Agosto está por finalizar, el corto verano que terminó permitió que los cultivos crecieran sin problema. En el Parque Nacional Patuca muchos son los árboles que terminan de dar sus frutos para sustento de los animales silvestre y de las personas. Uno de ellos es el guanacaste blanco (Parkia pendula) (en el parque lo conocen como guanacaste de montaña).
Es una especie nativa que va desde Honduras hasta Venezuela. Se le reconoce al navegar por el río, ya que sobresale del estrato más alto del bosque primario o secundario; y sobre todo por sus grandes frutos que cuelgan de sus ramas.
Especie indicadora
Las especies indicadoras son plantas llamativas con distribución restringida a un solo ecosistema. El principal y más importante especie indicador del Parque Nacional Patuca es el guanacaste blanco (Ecosistemas del PN Patuca, 2008).
Árbol característico de bosque muy húmedo siempre verde, entre los 50-200 metros (m) de elevación. Su regeneración parece ser tolerante a la sombra, pues las escasas plantas que crecen bajo el árbol madre, poseen un buen crecimiento.
Características y hábitat
Las flores del guanacaste blanco parecen pelotas de tenis que cuelgan, son polinizadas por murciélagos; sus frutos son legumbres que llegan a medir hasta 30 cm de largo, con 17-30 semillas (que pueden recolectarse según las condiciones variables de clima) (Nota Técnica No. 167, CATIE).
El guanacaste blanco es un árbol que llega a medir de 15-50m de altura y diámetros de 120 cm, con gambas de hasta 2.5 m.

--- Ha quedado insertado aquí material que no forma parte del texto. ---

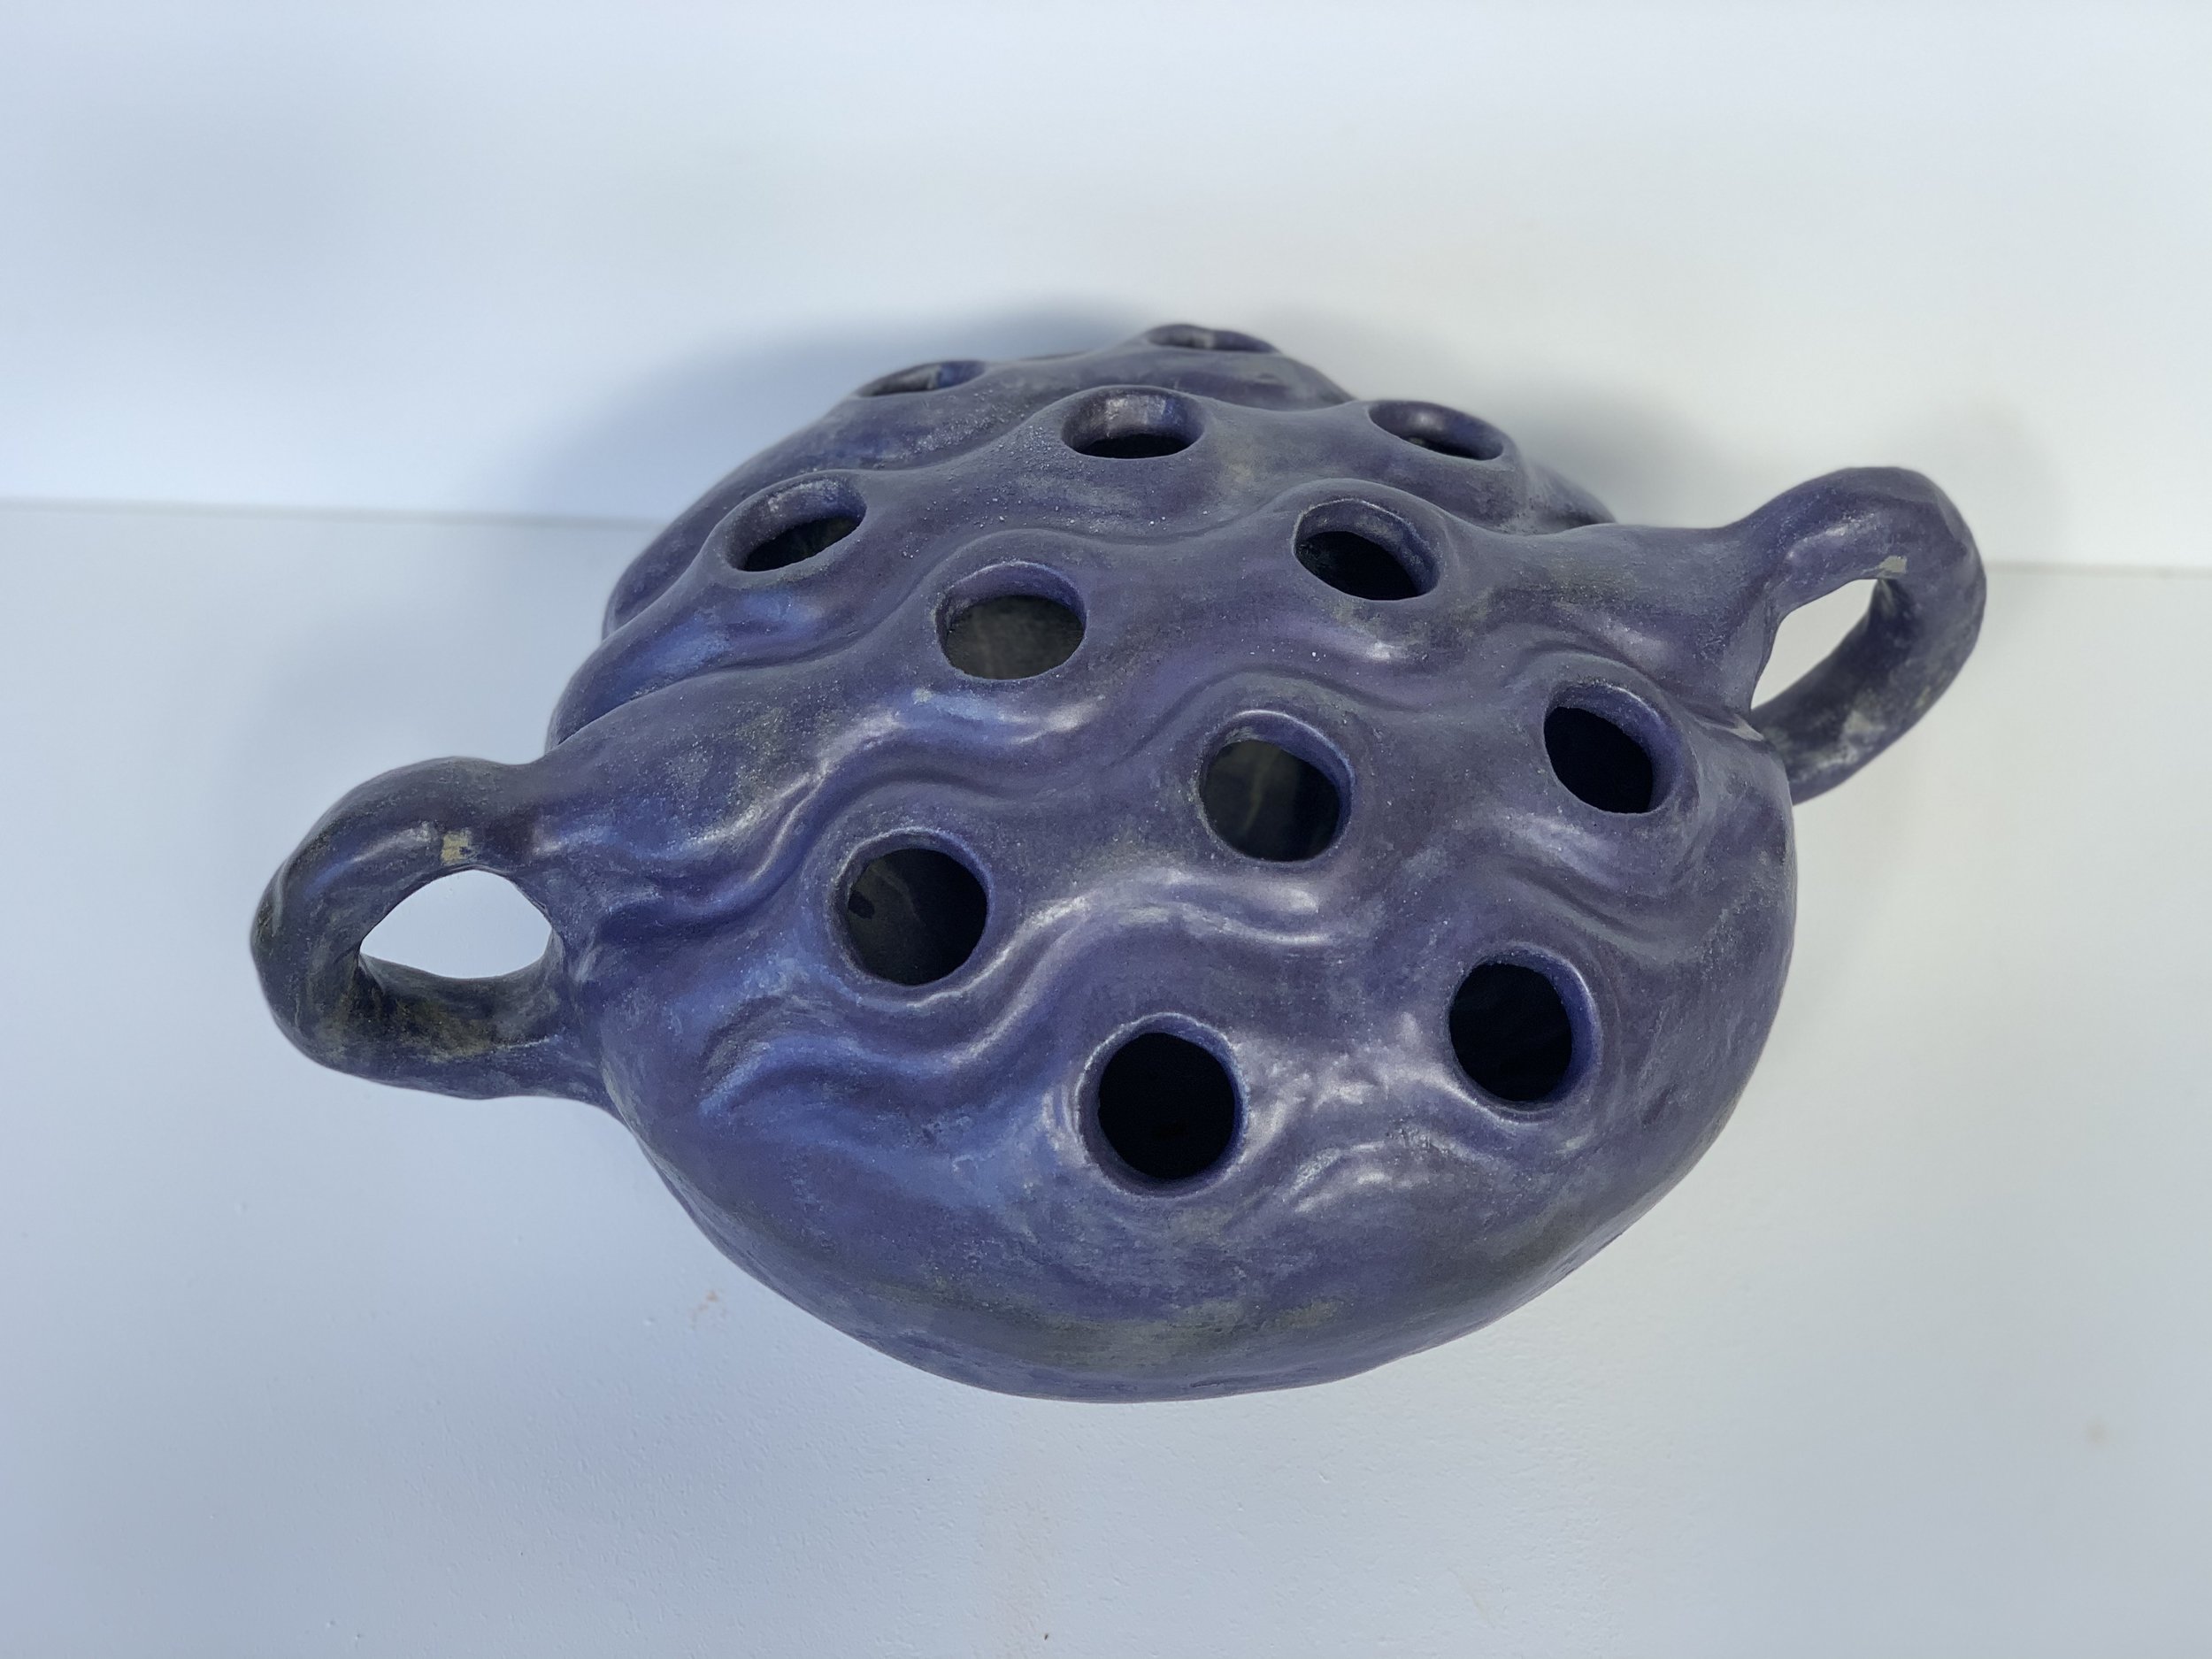 curling stone or vase

Fuste limpio y cilíndrico, de color grisáceo (INBio, 1999).
La gente local y los visitantes se impresionan al ver, que las frutas de este árbol son de las más codiciadas por los monos araña, que se suben hasta la copa para obtener la mejor fruta. A pesar de lo atractivo del manchado de la madera, las personas no lo aprecian para muebles artesanales.

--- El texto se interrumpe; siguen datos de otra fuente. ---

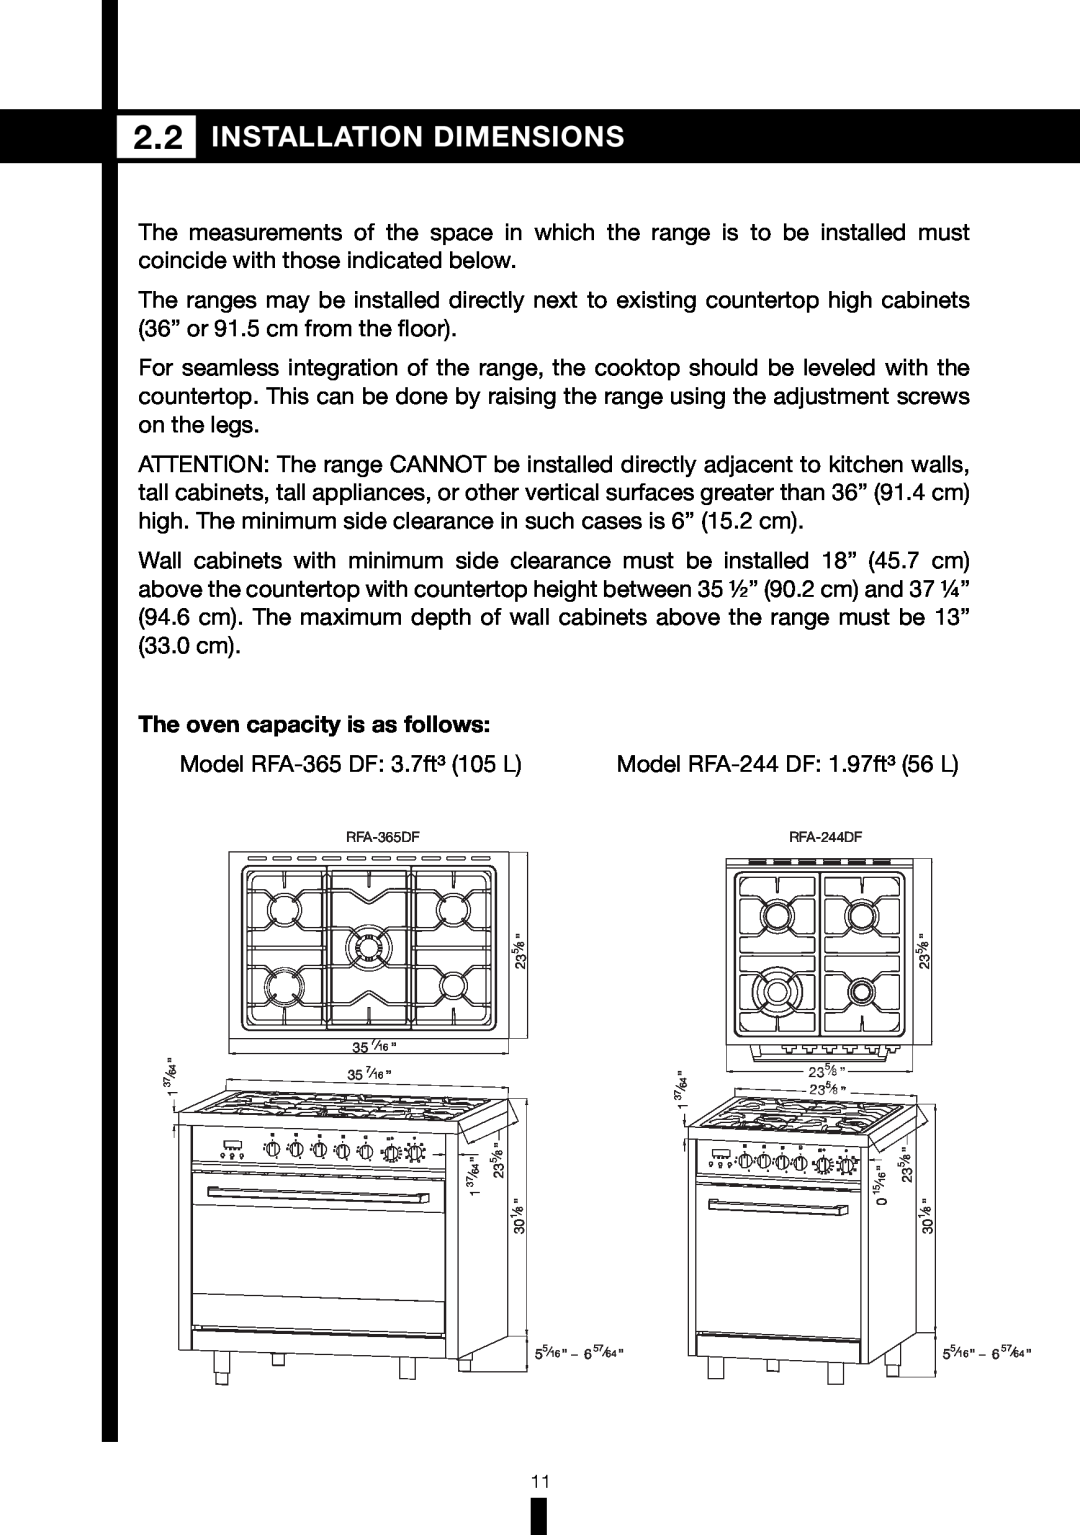 Fagor America RFA-244 DF, RFA-365 DF manual Installation Dimensions, The oven capacity is as follows

No obstante, aunque el árbol no sea llamativo por desconocer el manejo de su madera y escasamente es usado para la construcción se encuentra en peligro de extinción, esto a causa de la destrucción de su hábitat. En países como Costa Rica existe una veda para contrarrestar su pérdida, esperamos que Honduras vaya a implementar una veda similar para proteger el guanacaste blanco y muchas otras especies únicas.